When transplanted into mice, they improved heart function, researchers report
WEDNESDAY, April 23 (HealthDay News) -- A multinational team of researchers has succeeded in turning human embryonic stem cells into three types of human heart muscle cells.
When transplanted, the cells also improved heart function in mice.
The findings have a number of implications, the most immediate of which would be to use the cells to test drugs.
"We have now a supply of human heart cells for biotech and drug companies to start testing the beneficial effects of drugs or the toxic effects of drugs," said Gordon Keller, senior author of a paper published in this week's issue of Nature. "There are really no roadblocks in beginning to set up such tests."
Researchers may also be able to use the cells to make artificial heart tissue, which could then be transplanted into an actual human heart.
"It's not clear how effective injecting cells directly into the heart ever will be," said Keller, who is director of the McEwen Centre for Regenerative Medicine at University Health Network in Toronto. "A huge advantage we have is that these unique progenitor cells can make three of the major types of cells in the heart, so we hope we can simply seed these progenitor cells onto scaffolding and make what might be an artificial piece of heart tissue and possibly transplanting such small pieces of tissue, and engrafting them into the heart, would be more effective than transplanting the cells themselves."

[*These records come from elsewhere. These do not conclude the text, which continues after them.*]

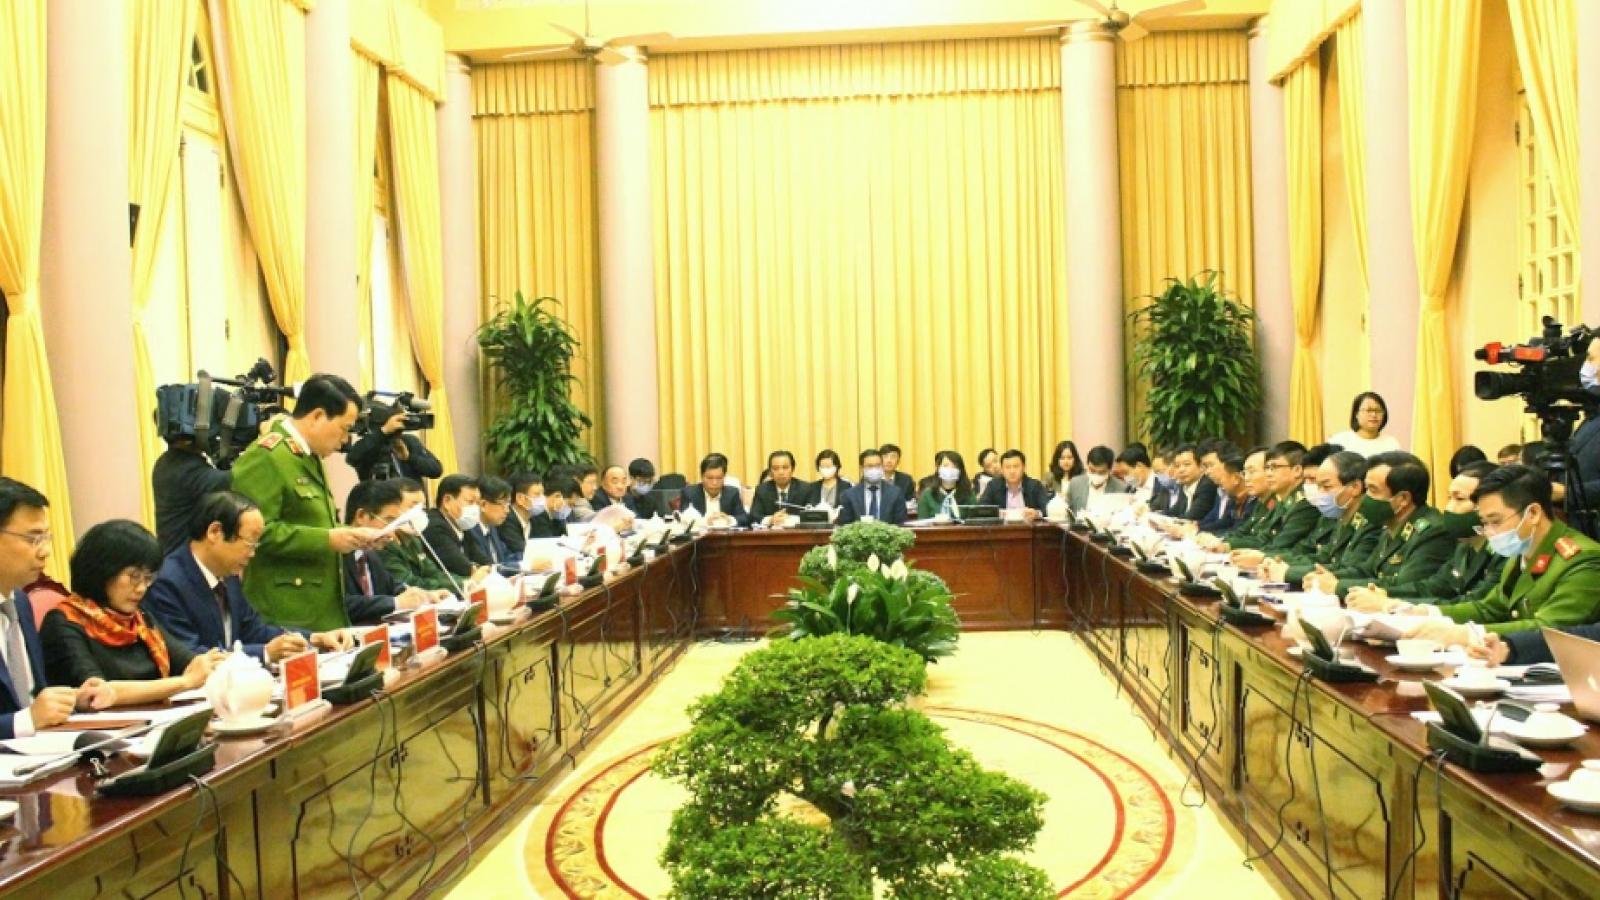 Họp báo công bố Lệnh của Chủ tịch nước ban hành 7 luật
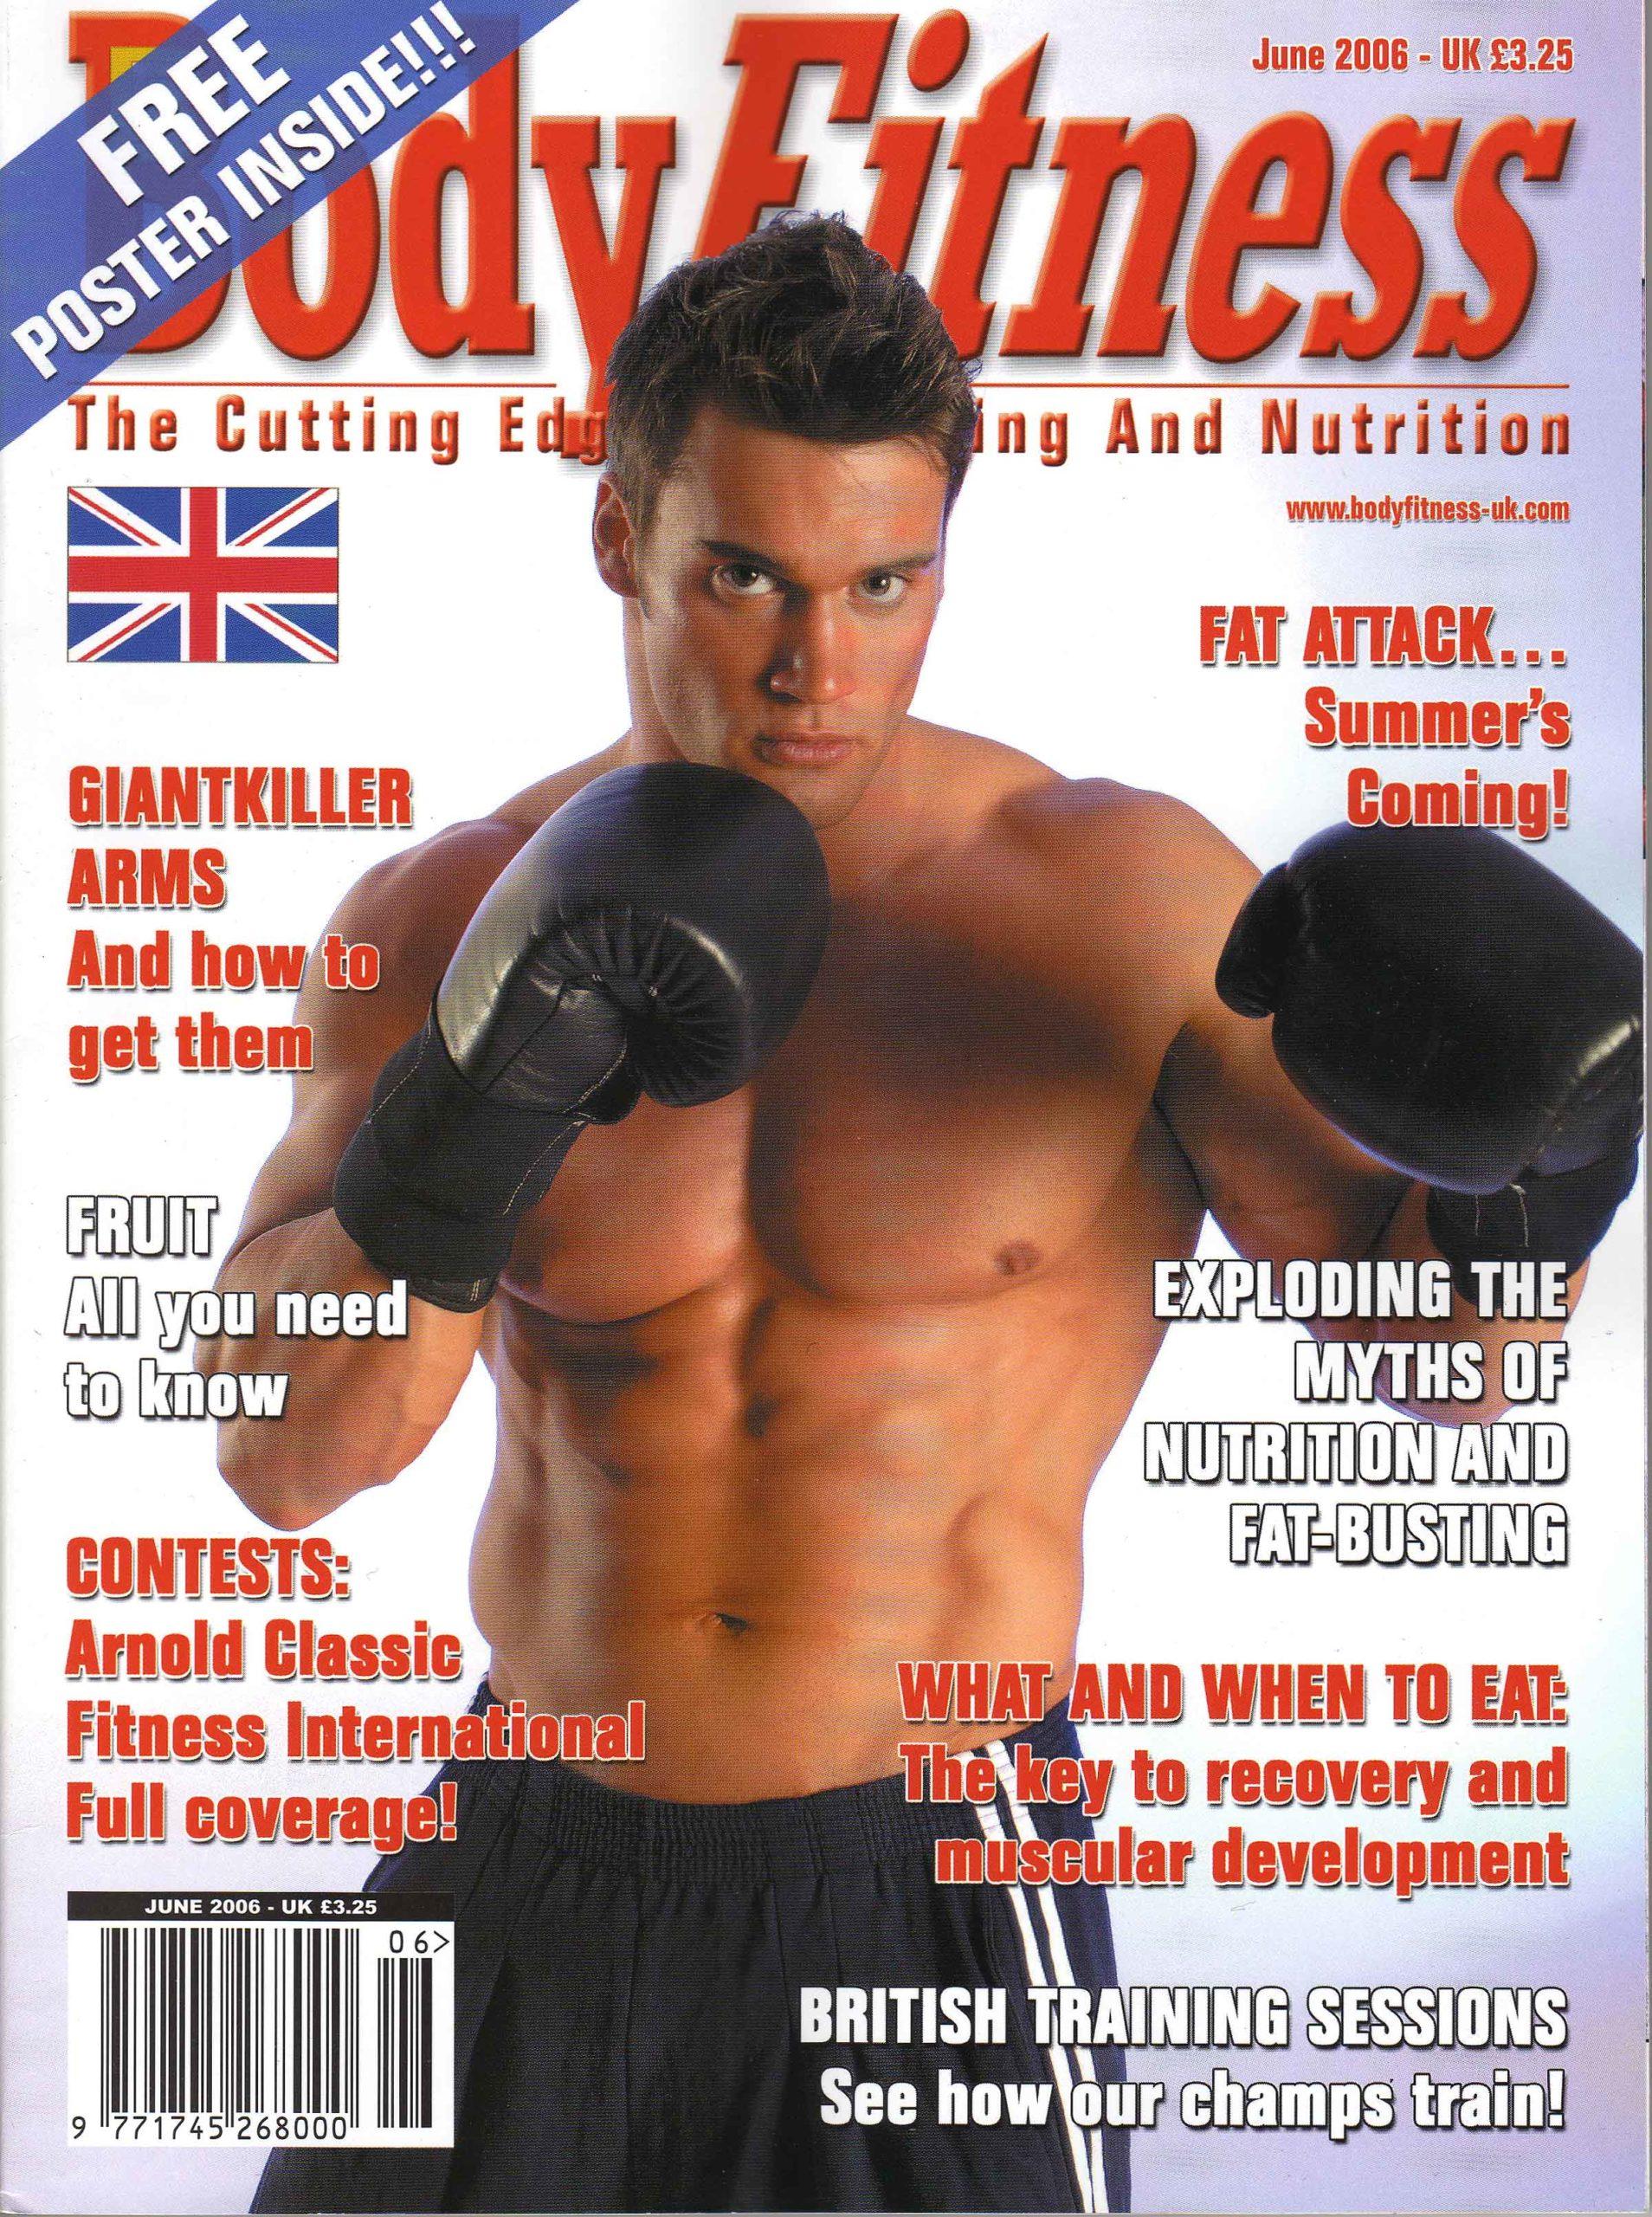 Coverbild Sportmagazin Body Fitness nackter Oberkörper Mann beim Boxen
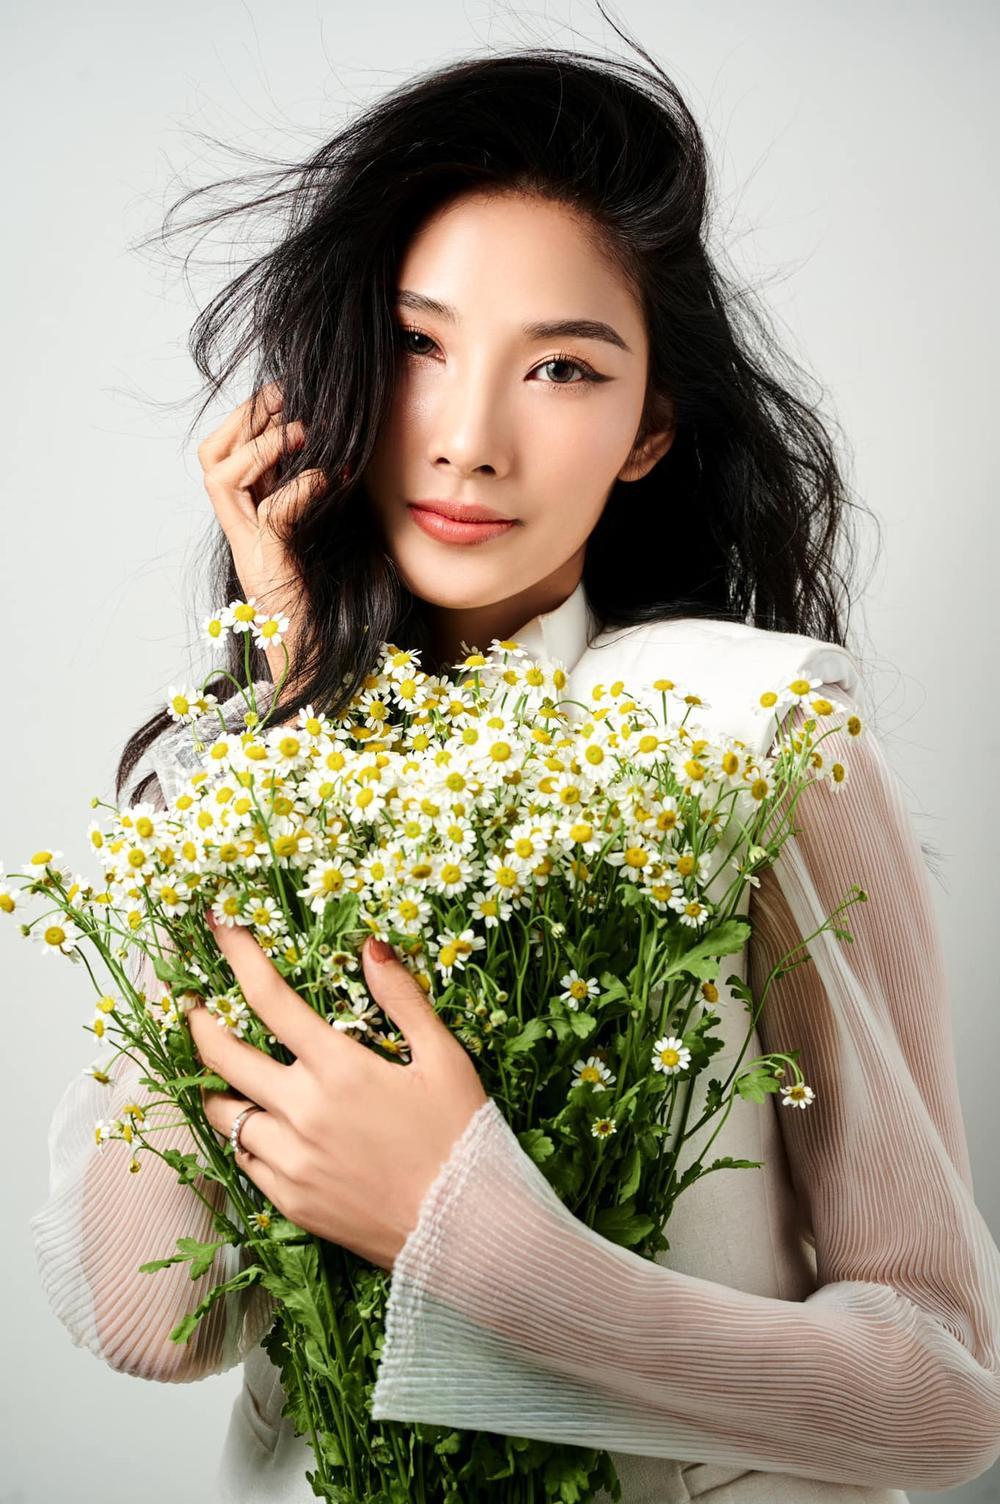 Hoàng Thùy bất ngờ ủng hộ Miss Universe Vietnam trao 2 vương miện cho 2 hoa hậu? Ảnh 2
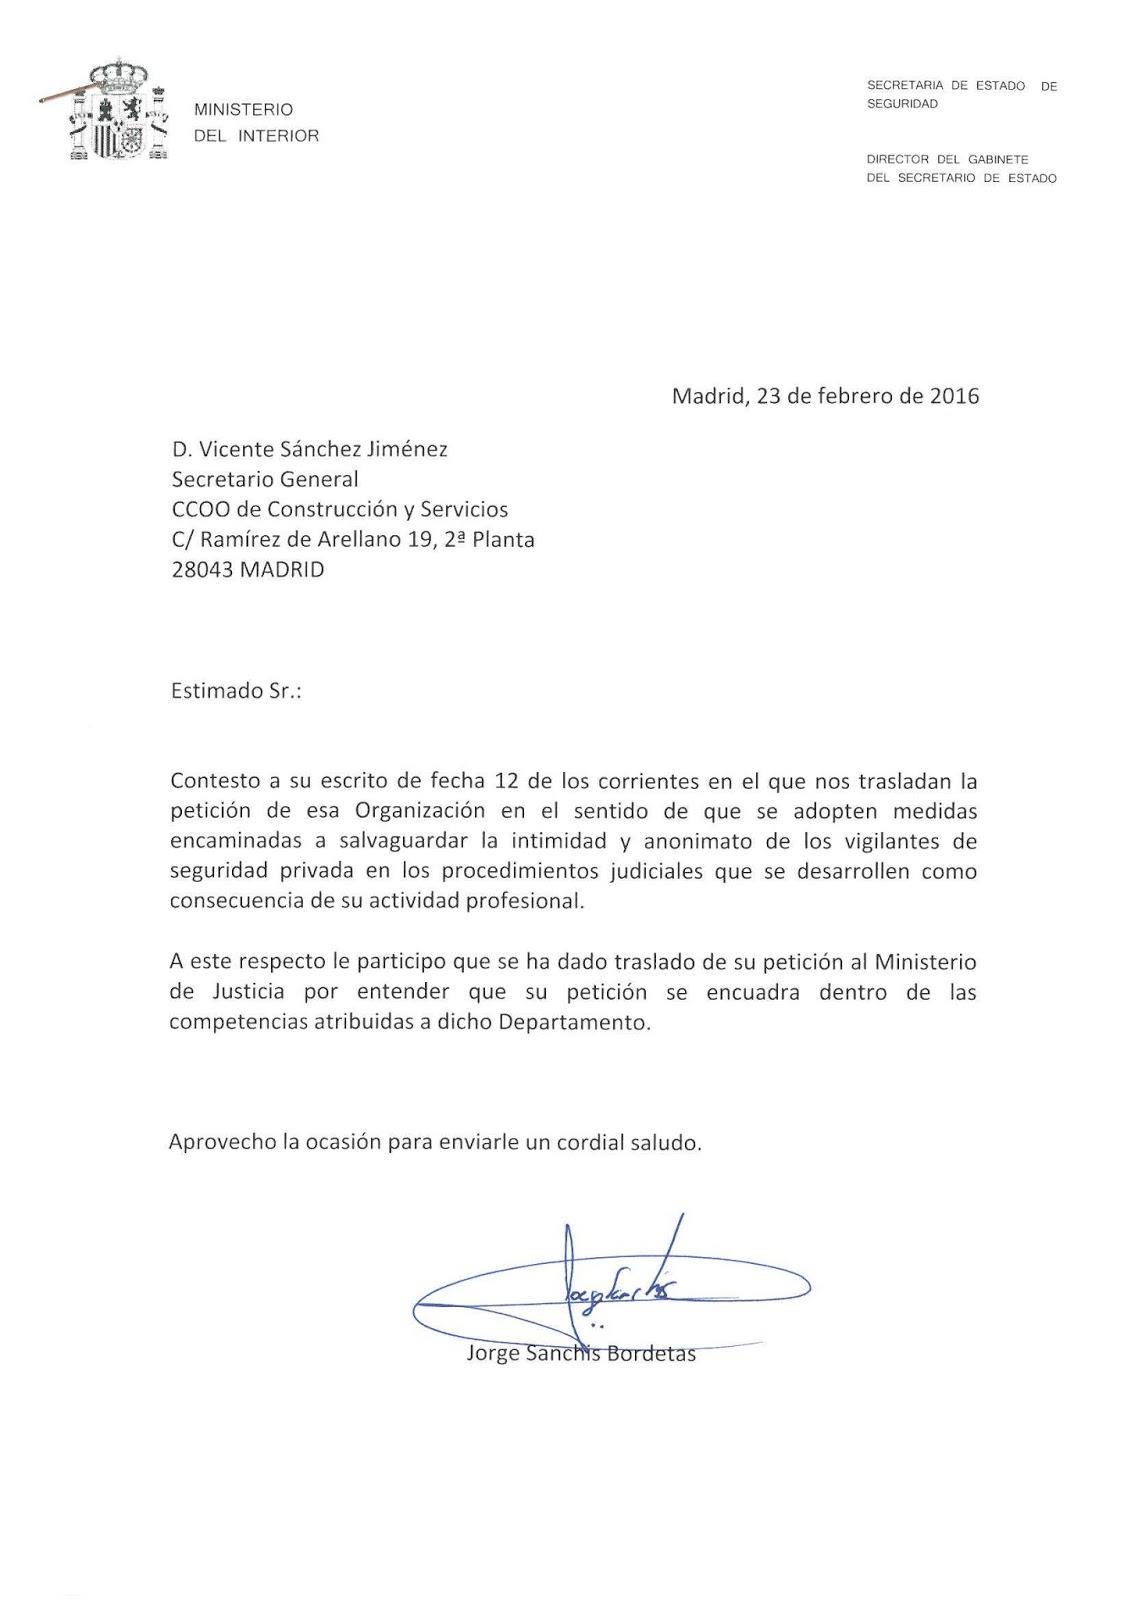 Casesaseccionsindicalccoo consultas al ministerio del for Correo ministerio del interior

Keller's lab had previously succeeded in coaxing cardiac cells out of mouse embryonic cells.
For this study, the team used similar principles, applying specific growth factors at different stages of development, but in human embryonic stem cells.
"They're showing that different 'recipes' can induce different types of cardiac cells," said Paul Sanberg, director of the Center for Aging and Brain Repair at the University of South Florida College of Medicine in Tampa.
In this way, the researchers were able to isolate heart progenitor cells then coax them into three different types of heart cells, called cardiomyocytes, which make up functioning heart muscle.
"Now we have our hands on a cell that doesn't have the same developmental potential as embryonic stem cells but can still make three of the major types of heart cells," Keller explained. "When we have these cells in isolation, we have a better handle on directing their pathway to cells that beat, or other [cardiac] cells. That's much more difficult when we haven't isolated the cells."
Also, when these cells were transplanted, they didn't form tumors, which often happens when a group of cells is more mixed. "In essence, we have isolated the most immature human heart cells, and we think we can control these cells much better than we would if we were starting with embryonic stem cells," Keller said.
The findings will help researchers better understand how the heart develops in humans, but therapeutic applications are still a ways off.
"It's important that we understand the basic biology," Sanberg said. "But it's still going to be a while till we see this in the clinic."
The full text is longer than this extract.